На фейсбуке с сыном - Януш Леон Вишневский
Шрифт:
Интервал:
Может, я сейчас повторюсь, но матери часто детям одно и то же повторяют. Когда Тебя из моего живота достали — я потеряла сразу восемь с лишним килограммов. Ты, сыночек, оказался моей самой эффективной диетой. Никогда больше в своей жизни мне не удавалось так стремительно похудеть. Отцу своему, Леону, я думаю, Ты сначала не понравился — очень некрасивый был, непропорциональный и огромный. Но когда он посмотрел, как я Твою головку обцеловываю, смирился, что этот лысый йети появился из его семени и что с сего дня этот йети будет самым любимым его йети до конца света.
Бабушка Марта — та, конечно, шок испытала. Когда она на следующий день в больницу приехала, нарядившись во все самое праздничное, как на похороны соседки, и Тебя, в пеленку закутанного, ей через окно-то показали — она Тебя отвергла и начала даже скандалить с нянечкой: тут, дескать, какая-то ошибка, этот урод не может быть ее внуком, мол, это наверняка ребенок «той жирной, свинообразной партийной пьяницы и сволочи», что лежала этажом выше. Но когда я слово чести дала, что Ты действительно со вчерашнего дня мой сын, а ее внук — тут же с Твоей внешностью смирилась и, ходя по этажам нашего дома, рассказывала соседям, какого «симпатичного богатыря» родила ее Иренка. И как убежденно рассказывала-то!
Леон с самого начала Тебя стал называть Леончиком, что было мне не по нраву. Во-первых, он это со мной не согласовал, а во-вторых — я одного Леона уже любила и другого мне было не надо, даже если это был Ты. Я его хитрый план продолжения рода Вишневских сразу разгадала: у него отец был Леон Вишневский, и дедушка был Леон Вишневский, и прадедушка… сколько же можно?! Да и нужно стараться идти в ногу со временем, а в пятьдесят четвертом имя Леон популярностью не пользовалось, хотя мне и нравилось, сам понимаешь. Мне хотелось назвать Тебя современным именем, покрасивее. И пришло мне в голову имя Януш. Леон, конечно, надулся, потому как еще с Казичком я тот коварный план разрушила и вот теперь снова не дала его воплотить, и тогда я пошла на компромисс, разрешила ему сделать имя Леон Твоим вторым именем — но только после долгих просьб и еще более долгих поцелуев: Леон-то прекрасно знал, что я от его поцелуев делаюсь согласная практически на все.
Вот такое трогательное воспоминание о Твоем рождении во мне пробудил разговор бедствующего профессора теологии и грешной монахини Анны-Марии, и тут я к профессору прониклась большей симпатией. А пока я своим воспоминаниям-то предавалась — это ж довольно долго длилось, ведь я свои земные воспоминания люблю воссоздавать медленно и с подробностями — Анна-Мария придвинула свой стул поближе к стулу профессора, и глаза ее подернулись поволокой. И я сразу прочла в них не только восхищение его мудростью. И, конечно, тоже стул свой к ним ближе придвинула, чтобы чего-то важного не пропустить. Потому как если вы видите, как нестарый, красивый, образованный теолог с неортодоксальной монахиней пьют вино и коленками под столом касаются, не присмотреться с близкого расстояния к такому — большой грех.
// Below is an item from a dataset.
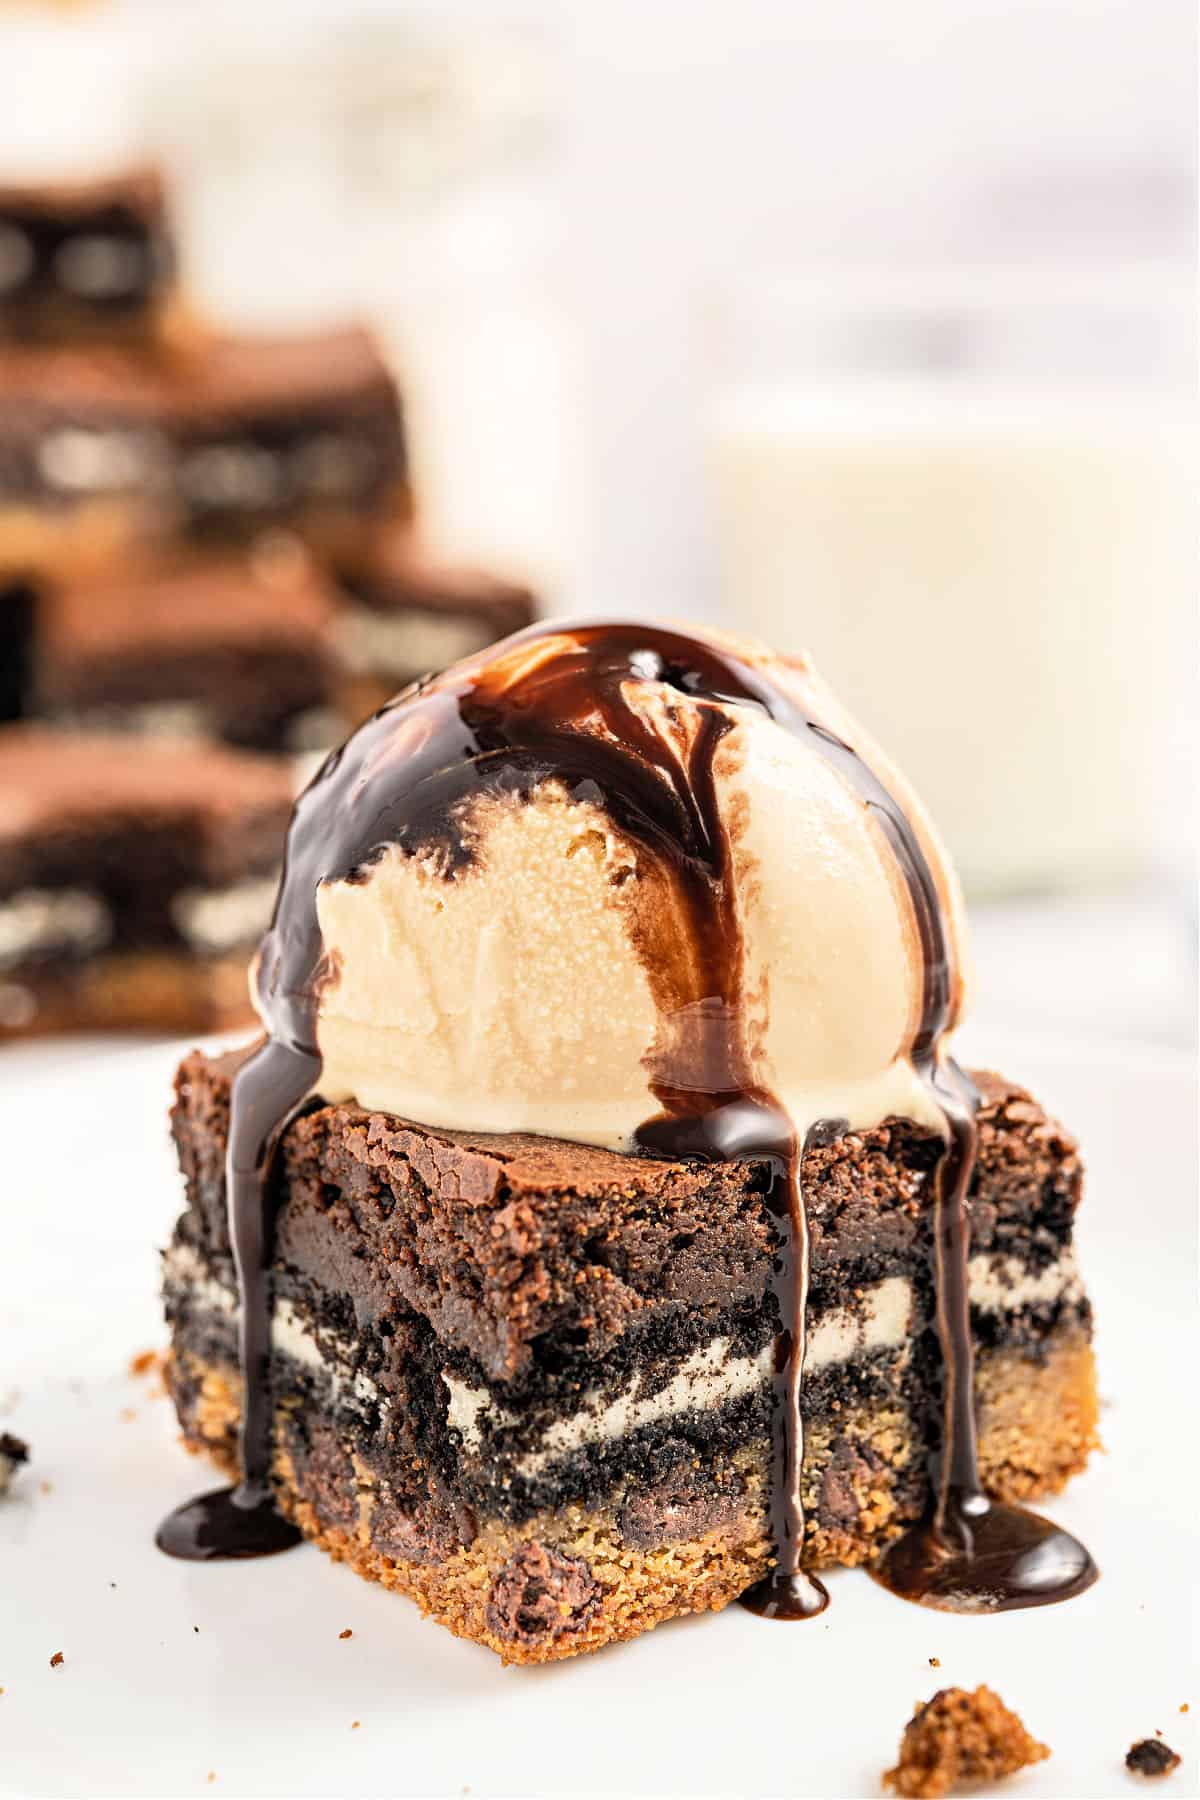 Layered dessert of cookie, oreo, and brownies topped with ice cream and hot fudge.

Они в тот момент говорили о прощении, а это и меня интересовало, я еще при жизни хотела научиться прощать, но в полной мере мне это не удалось. Например, священников, которые Тебя крестить не хотели по причине того, что Ты выблядок, — я их простить не могла. Профессор торжественно провозгласил определение прощения, научное и серьезное: это, мол, полное избавление от праведного гнева, печали, обиды по отношению к кому-либо, полное отпущение вины. Я-то, сыночек, это определение прекрасно знала — его ведь наш ИП2, урожденный Кароль Войтыла, сформулировал, о чем я не замедлила профессору напомнить, обратить на это его внимание. А он в ответ посмотрел на меня без признаков прощения в глазах, ибо из-за отсутствия аттестата зрелости не рассматривал меня как полноценного участника дискуссии. К тому же в его попытках обворожить Анну-Марию я ему маленечко помешала — да и что там эта старая баба может знать? Потому я больше вступать в беседу-то и не решилась. Я действительно очень люблю что-то узнавать — даже то, что уже знаю. В этом Ты весь в меня, сыночек. В Твоей ДНК мой ген доминирует, а ген Леона, по всей видимости, как раз рецессивный. Этого я профессору не стала говорить, тогда бы он перестал говорить вообще. Анна-Мария, чтобы разрядить обстановку, благоговейно прочла «Отче наш», чтобы напомнить, что в строчке «и прости нам грехи наша, ибо и мы прощаем всякому должнику нашему» говорится о прощении, а это свидетельствует, сколь прощение значимо и необходимо. Профессор свой масляный взгляд в масляные глаза Анны-Марии устремил и ответил, что «прощение находится в самом центре христианской духовности», чего, например, в исламе нет. Ислам, в сущности, берет за основу и правило то, что написано в Ветхом Завете. История, которую профессор привел в качестве примера, подтверждающего его утверждение, ужасна, хотя и полностью согласуется с принципами Ветхого Завета. Око за око, зуб за зуб или душа за душу, как сказал, хоть и в другом контексте, Овидий,[77]что само по себе удивительно звучит в устах автора «Ars Amatoria», «Искусства любви», признанного знатока женской души и всего того, что ниже пояса.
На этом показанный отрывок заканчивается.